Of course, in most cases, a series of treatments is necessary to refine and stabilise the initial corrections. However, no one has to wait a long time to know that changes have been made, and normal function is being, or has been established. The number of treatments varies with the individual patient. It is important to note that this procedure is done by hand, and no drugs or other foreign substances are ever used.

Outlook And Follow-Up….What To Expect

Although in most cases, once the corrections are made and stabilised, further treatment is rarely necessary. There are things that may cause loss in stabilisation and return of some symptoms. Any condition which is accompanied by high fever may cause destabilisation, as may allergies which were not stabilised. Emotional and physical trauma, particularly head injuries, should always be a reason for a complete re-evaluation. It is also recommended that after the initial treatment protocol has been completed, the patient returns every month or two for the first year, to make sure that all procedures were completed. Another consideration is that research is on-going, and since the original protocol was devised, many refinements have been added in an effort to make this procedure as complete as possible for every nuance the patient may present.

Catch-Up…How You Can Help

Once the proper neurological and structural corrections are made, the patient is able to learn what he or she was not able to learn before. Therefore, ‘catch-up’ is the name of the game.  It seems that approximately 10 hours of activity (reading, writing, speaking, etc.) are necessary to “programme the computer” for each function.

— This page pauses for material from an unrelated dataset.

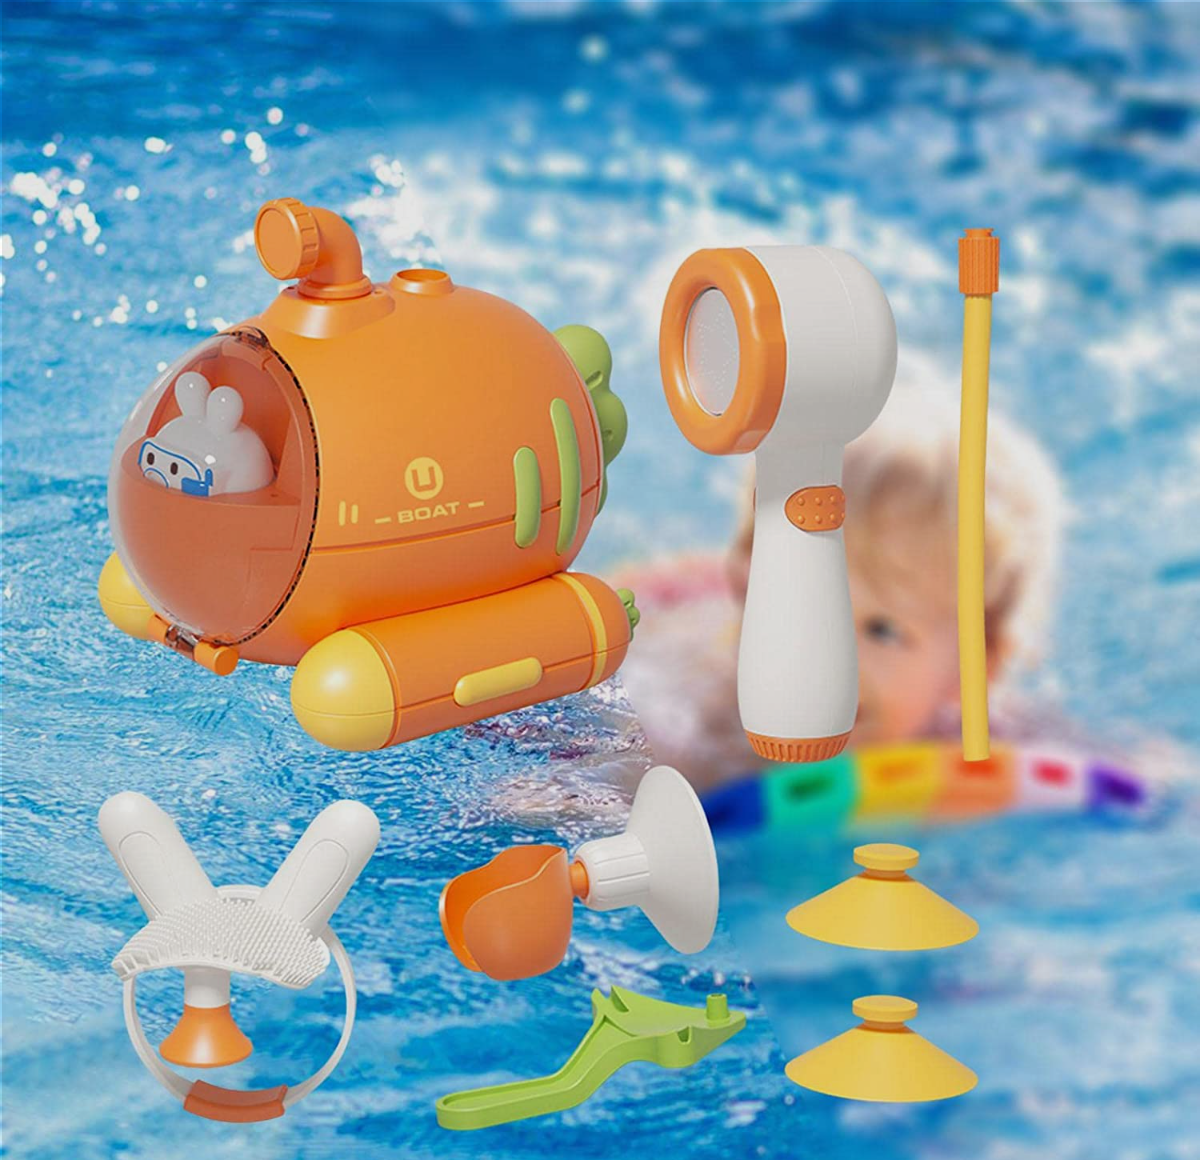 『人気お風呂おもちゃ』お風呂 おもちゃ ニンジン潜水艦｜壁に落ちずにしっかりと吸着できる吸盤付き·超強い防水·柔軟シリコンブラシ·シャワーヘッド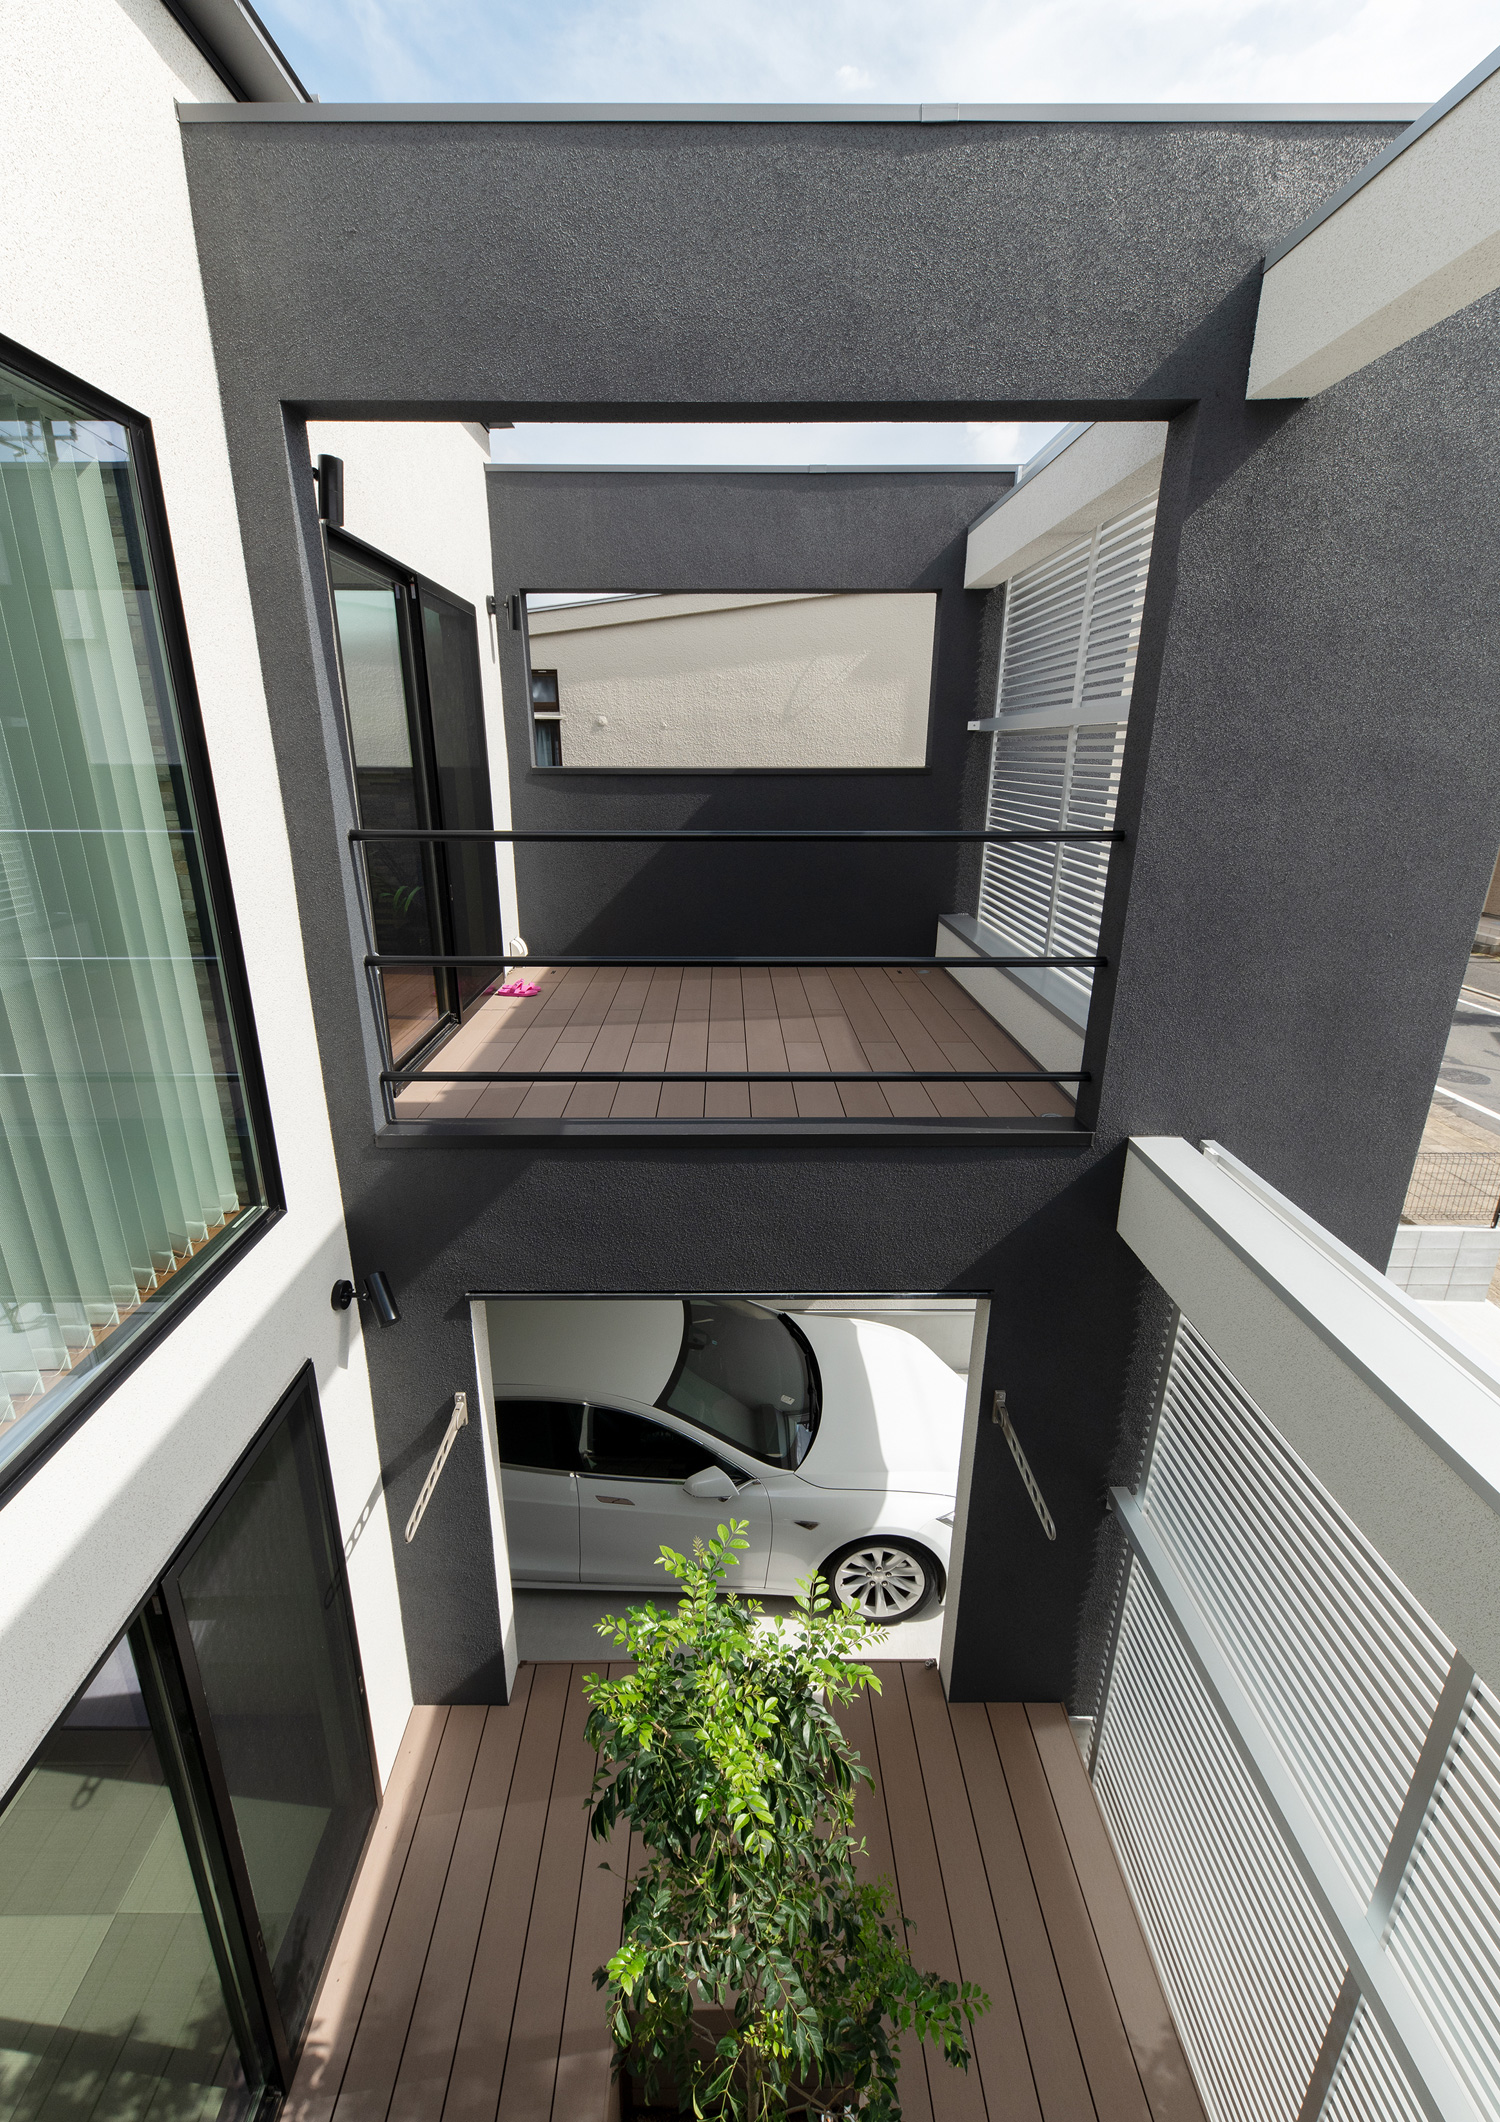 一階にインナーガレージと繋がる中庭があり、二階にバルコニーがある住宅・デザイン住宅

Because disorganisation and easy distraction have been part of their problem, the patient does not know how to study and learn. Structured time for studying and learning must be provided by the parents, or set aside by the adult to learn. There is no radio, TV, eating, going to the bathroom, etc. JUST LEARNING TIME. The family must co-operate . Cross pattern exercises, either in place, or as a march-type activity (right arm-left leg, left arm-right leg) are extremely beneficial, and in the beginning should be done 20 minutes per day. Because diaphragm control is usually weak, blowing balloons is a good exercise. Buy 100 balloons, blow one up, then blow it up again until it breaks; do one a day for 100 days.

With some effort and proper treatment, dyslexia and learning disabilities are treatable.